Work task: From the data that follows, set down exactly the lines from the one with "askPinocchio logo" through the one with "Super bande elastique", counting both. Pictures stay out.

Provided information:
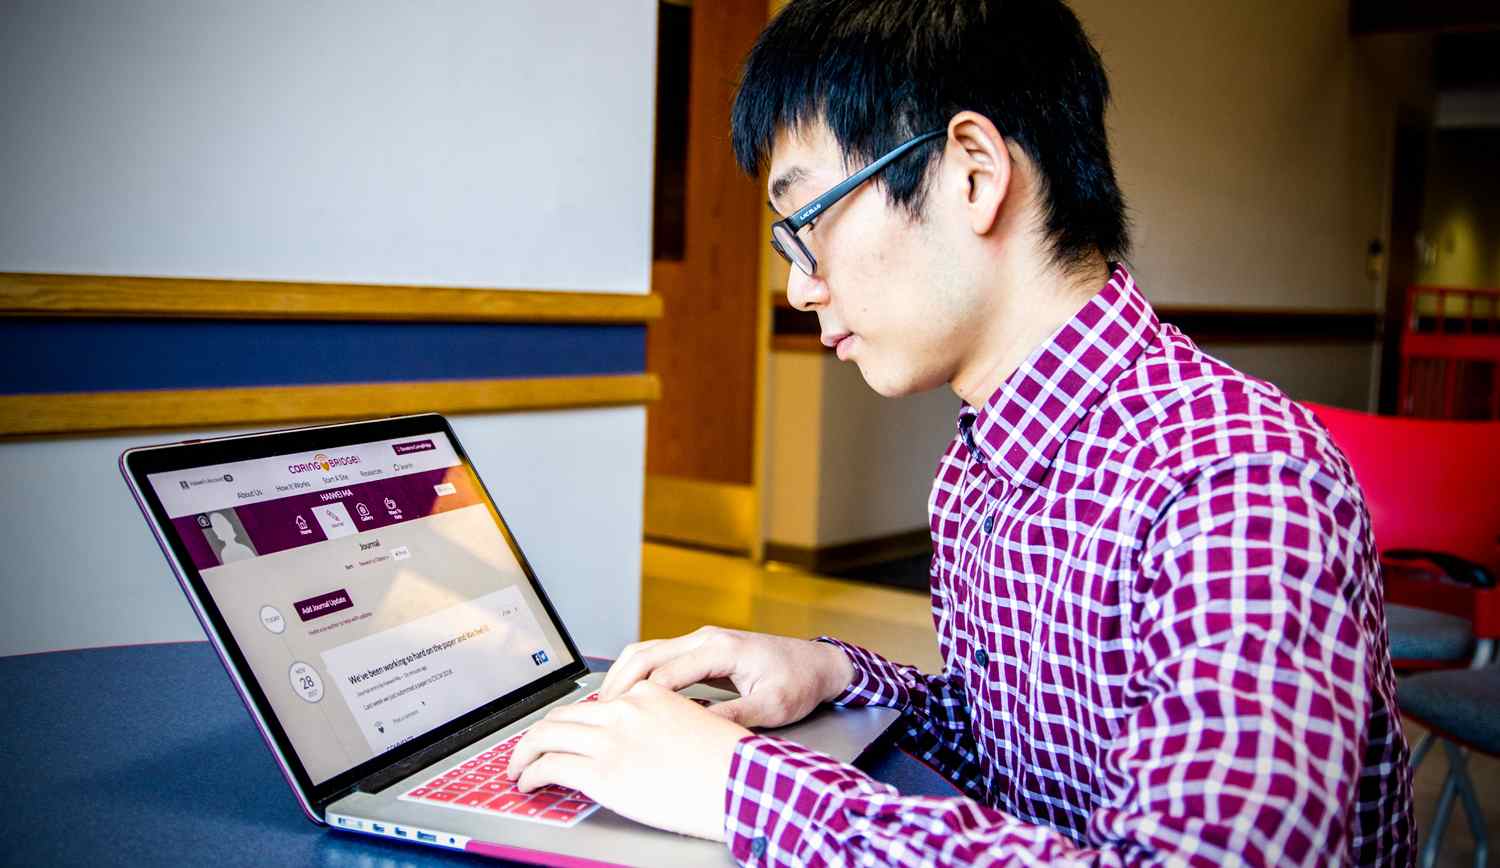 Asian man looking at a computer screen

---

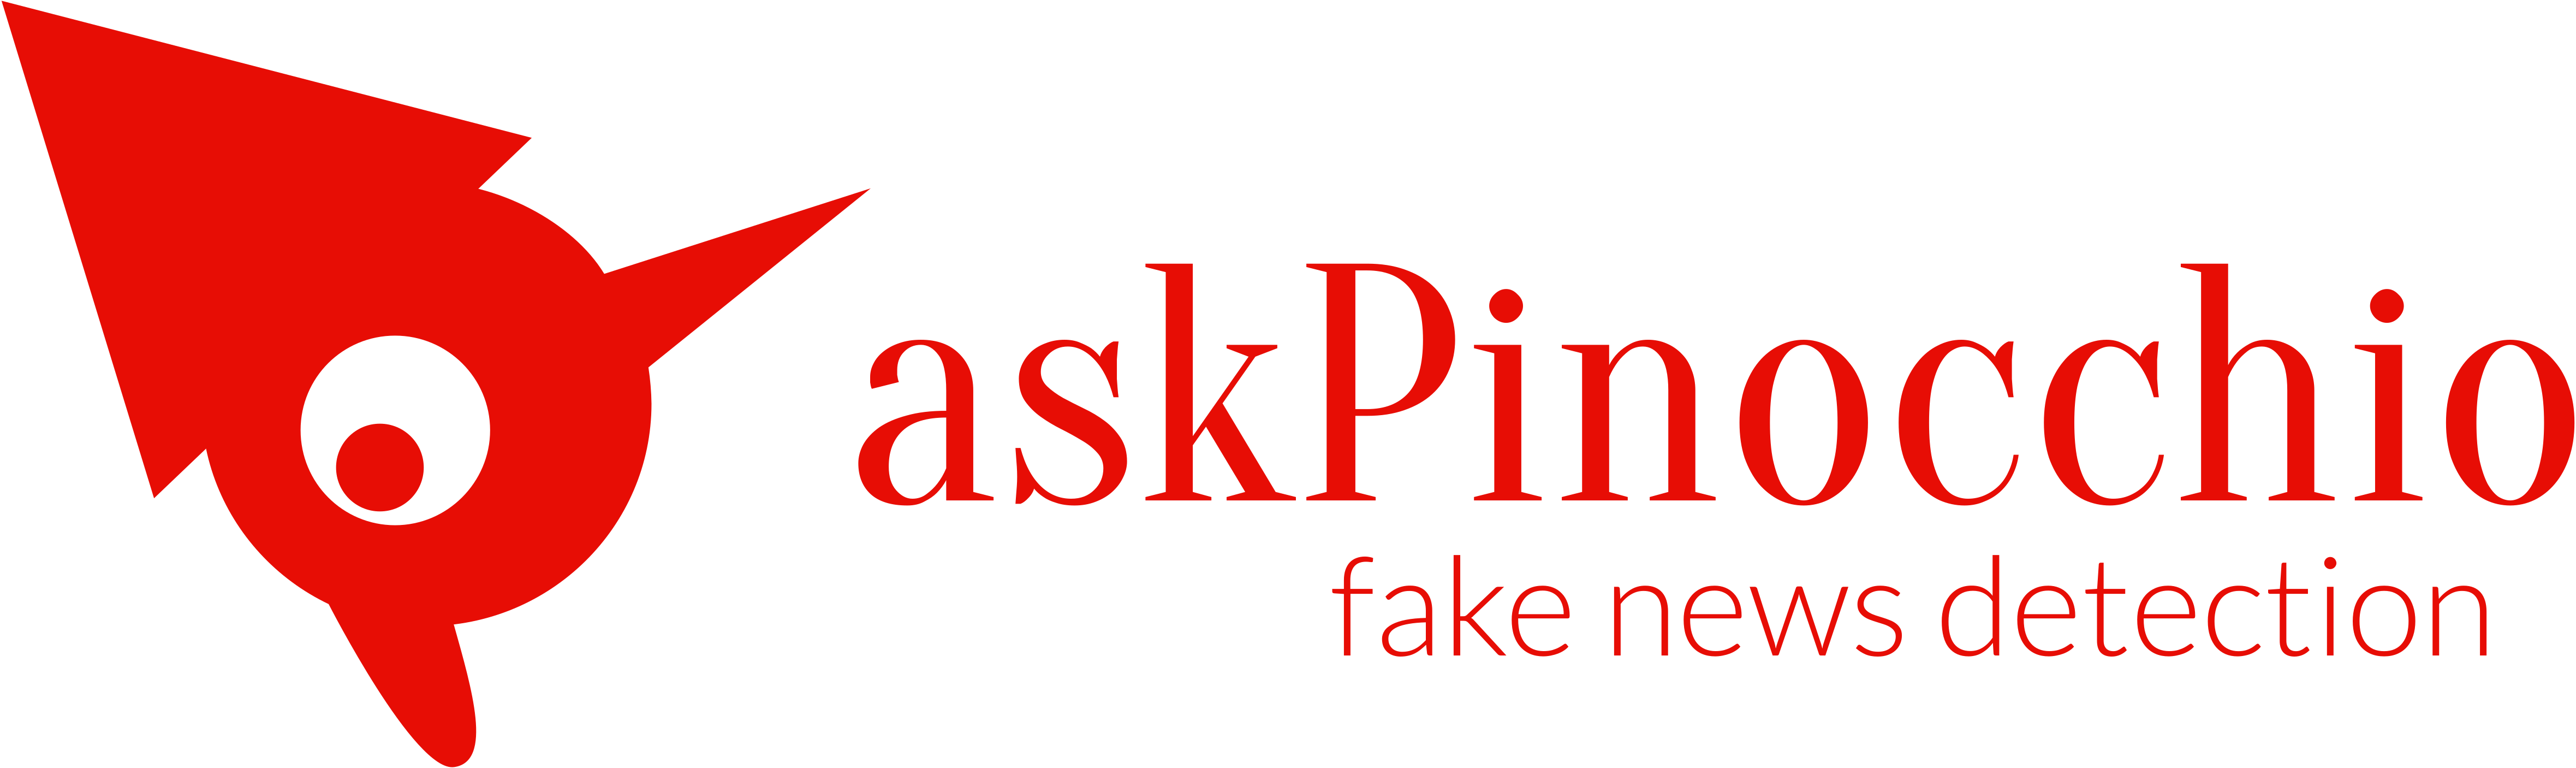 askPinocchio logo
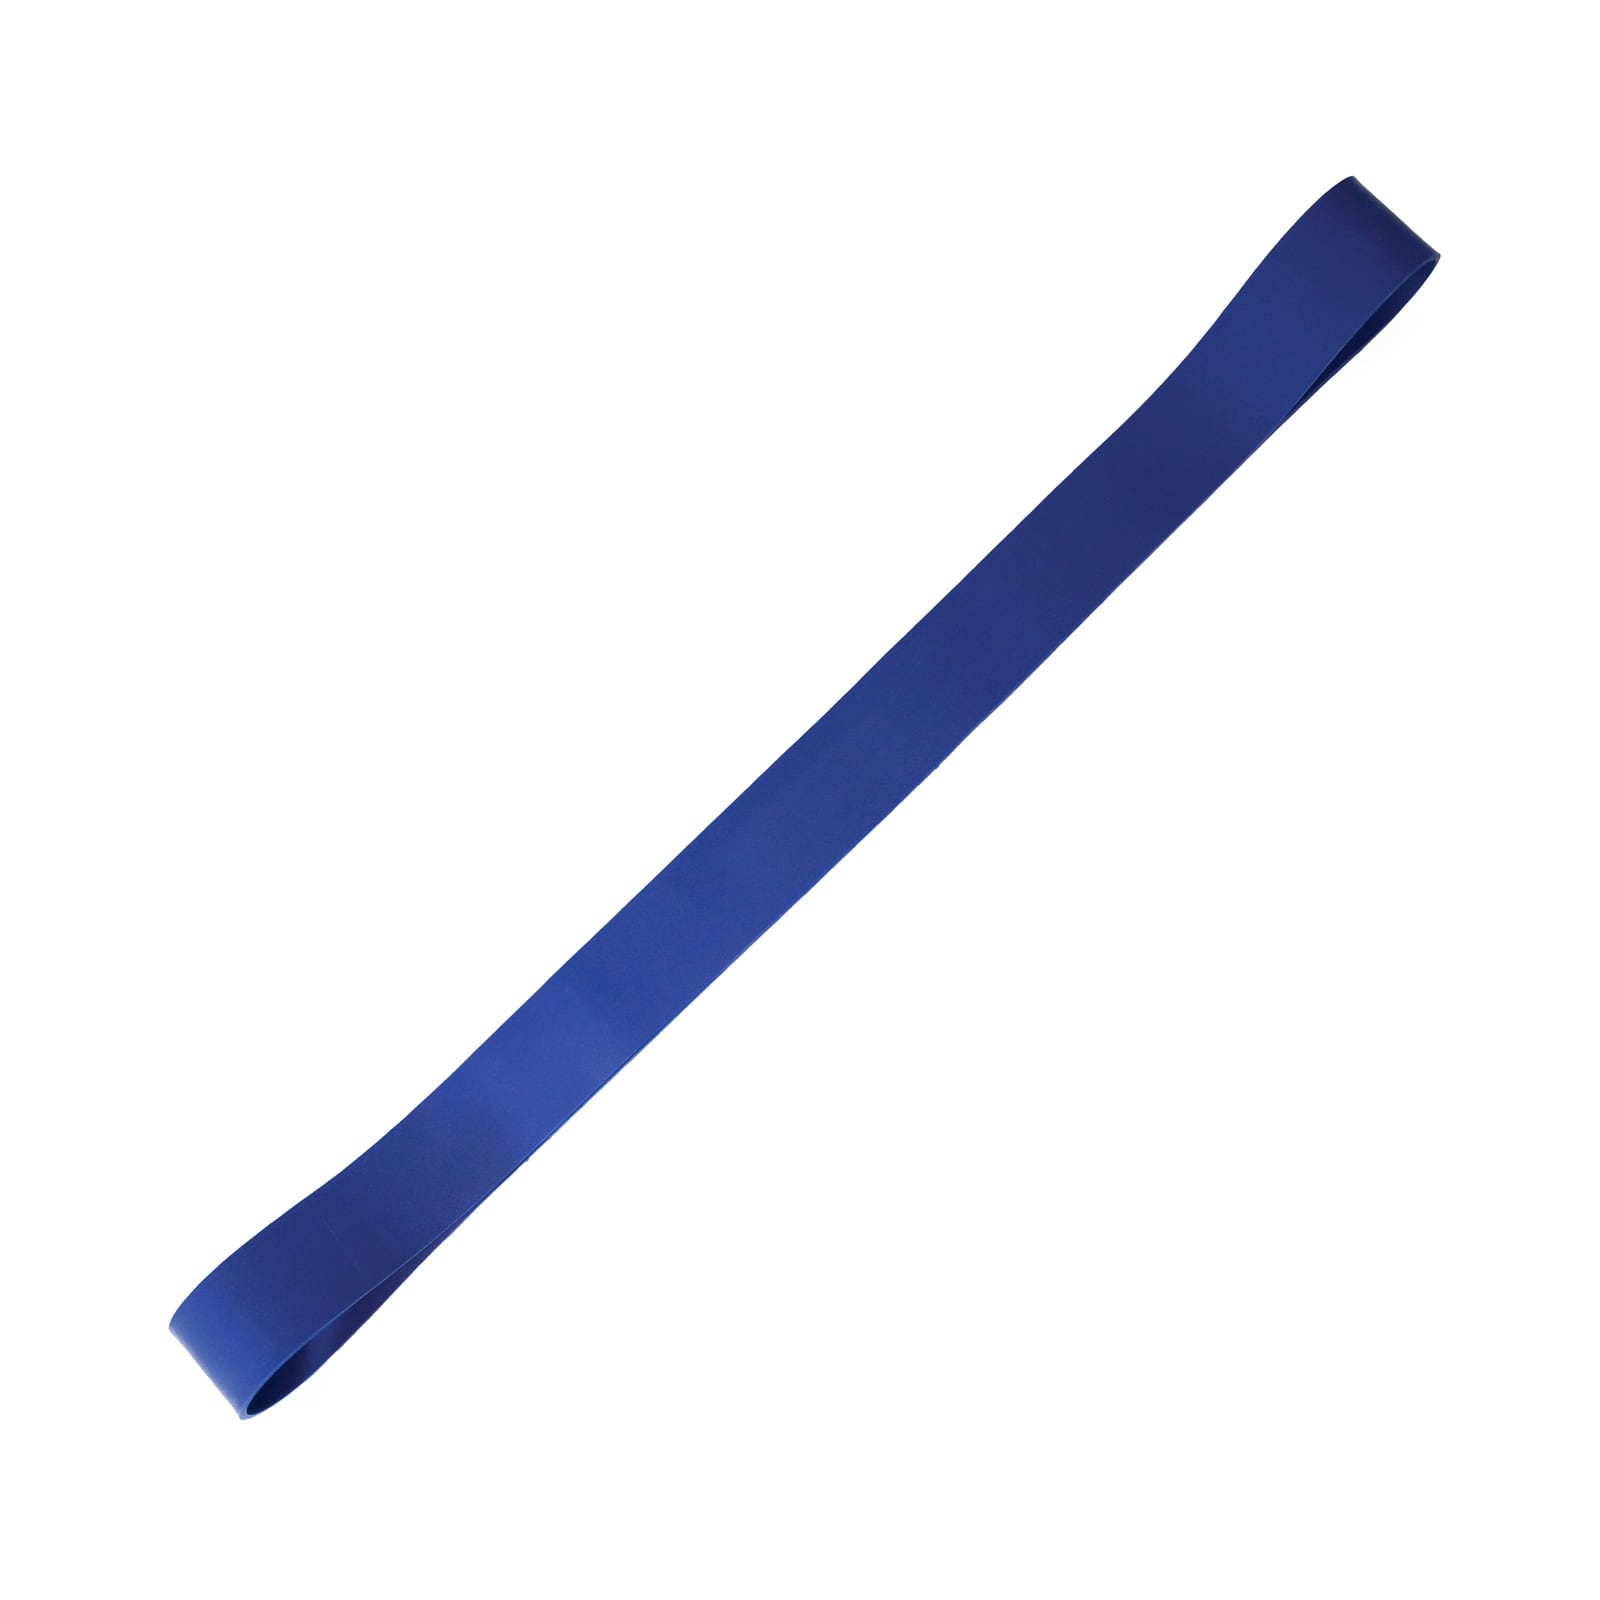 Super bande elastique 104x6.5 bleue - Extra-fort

...

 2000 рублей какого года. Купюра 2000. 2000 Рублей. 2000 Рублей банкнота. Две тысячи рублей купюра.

Output for this task:
 askPinocchio logo
 Super bande elastique 104x6.5 bleue - Extra-fort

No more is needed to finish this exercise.